That is, when the refrigerant circuit 51 performs heating operation, the low pressure refrigerant passes through the container 2 and the low pressure refrigerant flow path 4a before being suctioned into the compressor 61, and the high pressure refrigerant flows into the expansion device 64 after passing through the high pressure refrigerant flow path 4b. As a result, gasification and superheat of the low pressure refrigerant passing through the container 2 and the low pressure refrigerant flow path 4a can be reliably achieved by using the high pressure refrigerant before being expanded in the expansion device 64 that generates a large pressure difference, and thus gas refrigerant that is sufficiently superheated and contains little liquid refrigerant reliably flows out of the low pressure refrigerant outlet body 4. Thus, it is possible to prevent failure or decrease in operation efficiency of the compressor 61, although the refrigerant circuit 51 is configured to switch heating operation and cooling operation by switching operation of the four-way valve 62. Further, subcooling of the high pressure refrigerant passing through the high pressure refrigerant flow path 4b can be reliably achieved by using the low pressure refrigerant before being pressurized in the compressor 61 that generates a large pressure difference, and thus it is possible to reduce the pressure loss generated in the outdoor heat exchanger 65 by decreasing the refrigerant quality on the inlet side of the outdoor heat exchanger 65, although the refrigerant circuit 51 is configured to switch heating operation and cooling operation by switching operation of the four-way valve 62. Moreover, heat exchange efficiency of the outdoor heat exchanger 65 can be improved by enhancing a refrigerant distribution performance of the outdoor heat exchanger 65.

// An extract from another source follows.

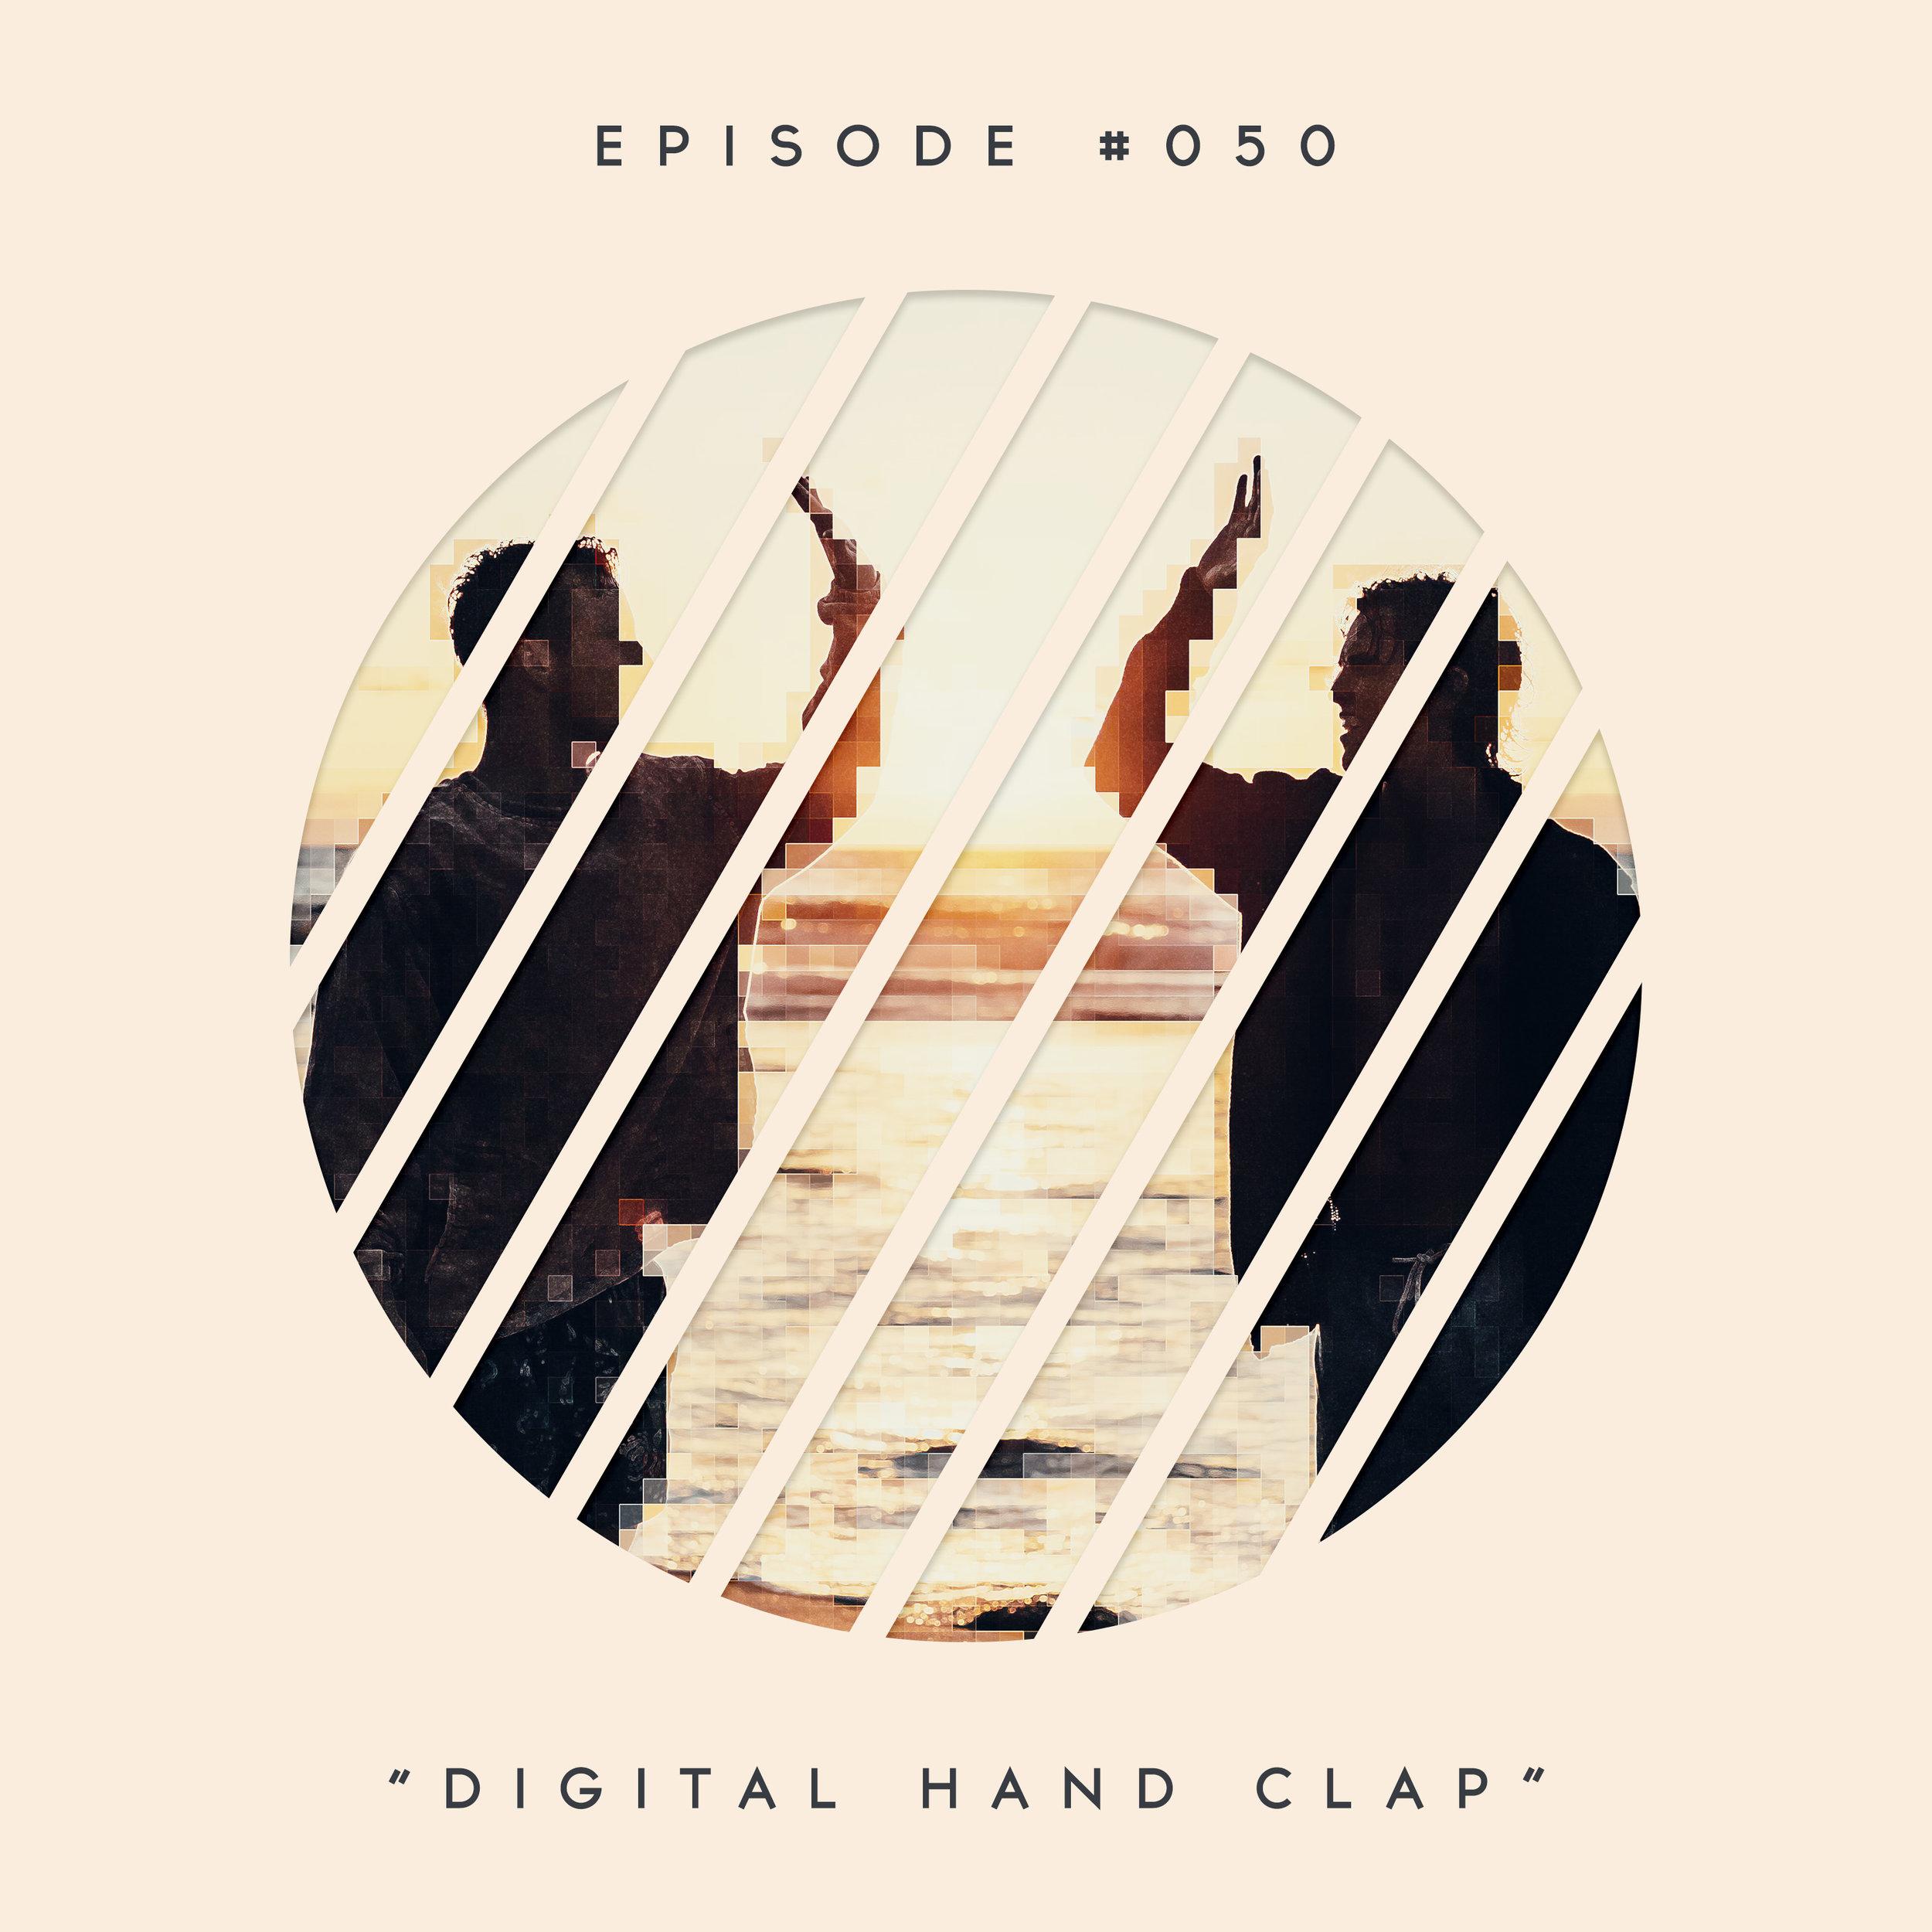 Digital-Hand-Clap.jpg

Further, when the refrigerant circuit 51 performs heating operation, the low pressure refrigerant passing through the low pressure refrigerant flow path 4a and the high pressure refrigerant passing through the high pressure refrigerant flow path 4b flow in mutually opposite directions. As a result, compared with the case where they flow in the same direction, gasification and superheat of the low pressure refrigerant passing through the low pressure refrigerant flow path 4a and subcooling of the high pressure refrigerant passing through the high pressure refrigerant flow path 4b can be further reliably achieved. Thus, it is possible to further prevent failure and decrease in operation efficiency of the compressor 61 and to further promote reduction in pressure loss generated in the outdoor heat exchanger 65 and improvement of heat exchange efficiency of the outdoor heat exchanger 65, although the refrigerant circuit 51 is configured to switch heating operation and cooling operation by switching operation of the four-way valve 62.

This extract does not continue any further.